Пятнадцать часов я пролежал в снегу на крыше. Пусть я и делал некоторые специальные упражнения, когда напрягал группы мышц, позволяя крови не застаиваться, но все равно была опасность, что уходить придется тяжело. Несмотря на то, что главным препятствием между мной и Платоном станет река, расторопные офицеры могут предпринять действия и перекрыть Фонтанку. Тогда получится, что между Мойкой и Фонтанкой и должен быть тот, кто стрелял. Провести всех людей через проверки и вот он я. Потому нужно будет быстро уходить, чтобы еще не опомнились и мосты через Фонтанку не перекрыли.

Карета, в сопровождении четырех лейб-кирасир прибыла к дому Николая Зубова с сумерками, когда меня все чаще стали посещать мысли уйти. Несмотря на то, что я укутался в шкуры, наверх которых одел грубо пошитый белый маскхалат, было холодно.

— Господи! Все ли правильно я делаю? — не вовремя меня посетило сомнение.

Но я смог отринуть все и сконцентрироваться только на выстреле.

Вот лихо подбегает лакей, ставит ступеньку, похожую на маленький пуфик, откидывает лесенку с кареты. Краем зрения замечаю, что из особняка выходит мужик, укутанный в соболиную шубу, наверное, это Николай Зубов. Вот открывается дверца, высовывается голова, но не могу четко ее поймать в прицел, с учетом поправки. Платон вдыхает воздух, словно в карете он ехал с немытыми конюшенными. Лакей подает ему руку, тот опирается на слугу, но не на руку, а унизительно для лакея, за его голову, попутно срывая парик со слуги. Платон что-то выговаривает слуге, который, между прочим, пока жизнь ему спасает, так как стал крайне неудобно, прикрывая Зубова.

Шаг Платона, я делаю два вдоха-выдоха и чуть разминаю палец, который затек на спусковом крючке. Еще один шаг объекта и я набираю в легкие воздух, готовясь уже выжать крючок. Мне кажется, или чуть более усилился ветер. Может это только порыв, но нельзя ждать, еще четыре шага Платона и я могу потерять цель. Делаю интуитивно поправку на ветер, набираю полную грудь воздуха, выдыхаю, замираю…

— Тыщь! — прозвучал выстрел.

Как же это получилось громко! Стук копыт лошадей и грохот проезжающих карет, как мне показалось, нисколько не заглушили звук выстрела. А частично и на это был расчет. Хотя все равно меня демаскировало облачко дыма.

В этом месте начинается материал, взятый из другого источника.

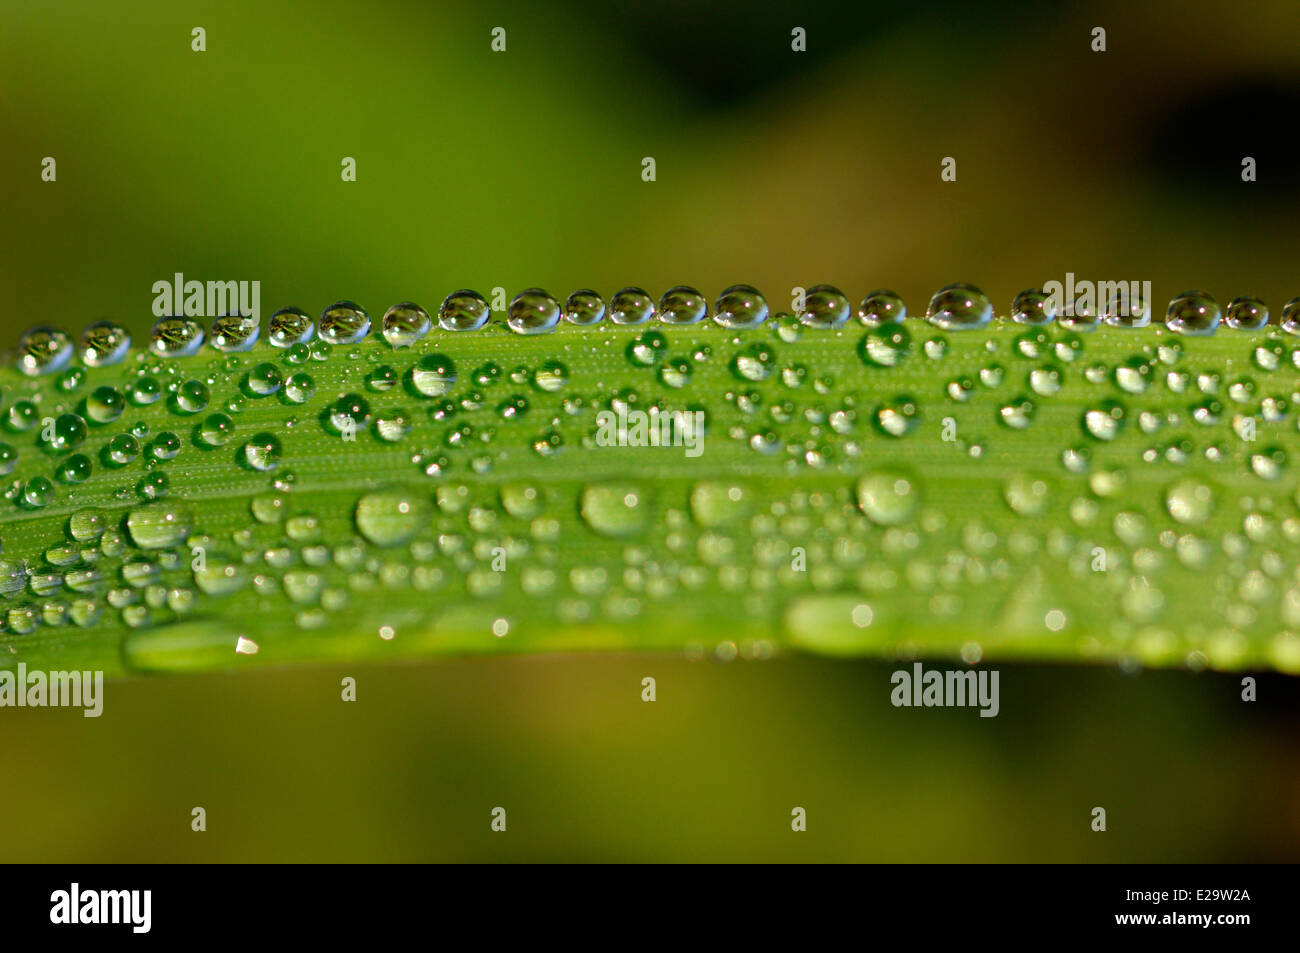 France, Ardennes, Carignan, drops of water aligned with the edge of a green sheet Stock Photo
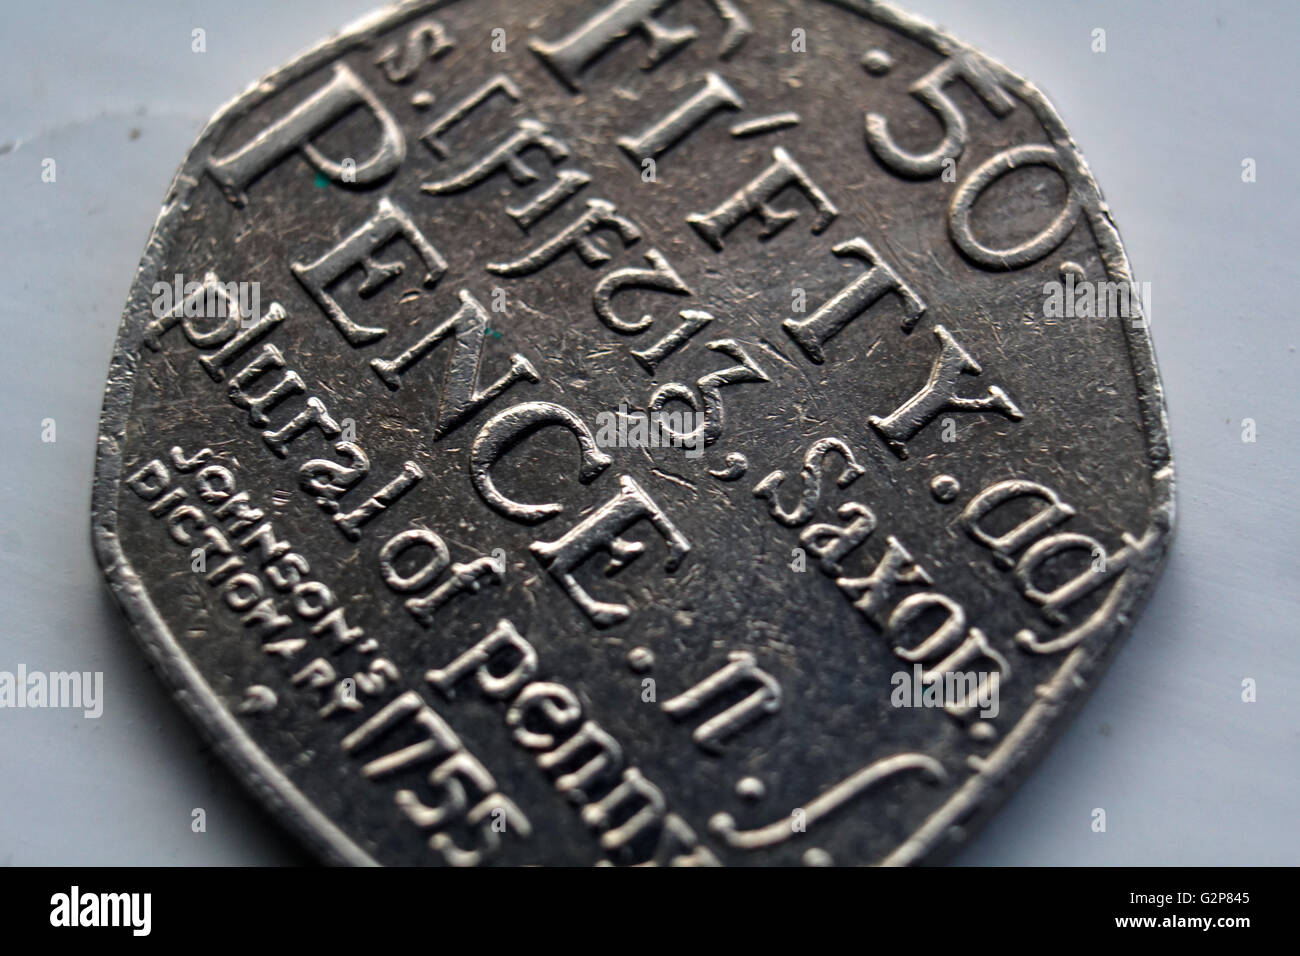 50 Pence Coin Close-Up Stock Photo

Быстро кинув взгляд на результат своего выстрела, я стал отползать от края крыши. Так, теперь встать, быстро скинуть свое облачение, надеть бобровую, наиболее неприметную шубу, остальное в мешок. Штуцера цепляю на веревку, которую привязал, как можно более неприметно, и отпускаю оружие в печную трубу. Найдут, не найдут, не столь важно. Бегу к противоположному краю крыши, на угол, куда не выходят окна с дома, на краше которого я был. Да, уже был. Я быстро спускаюсь на один этаж на веревке, далее ветка дерева, залажу на него. Никогда так быстро не лазил по деревьям и вот опять… Прыгаю с метров четырех в сугроб. В соседнем сугробе прячу свой мешок, в надежде, что его не найдут, или сделают это слишком поздно, может и весной.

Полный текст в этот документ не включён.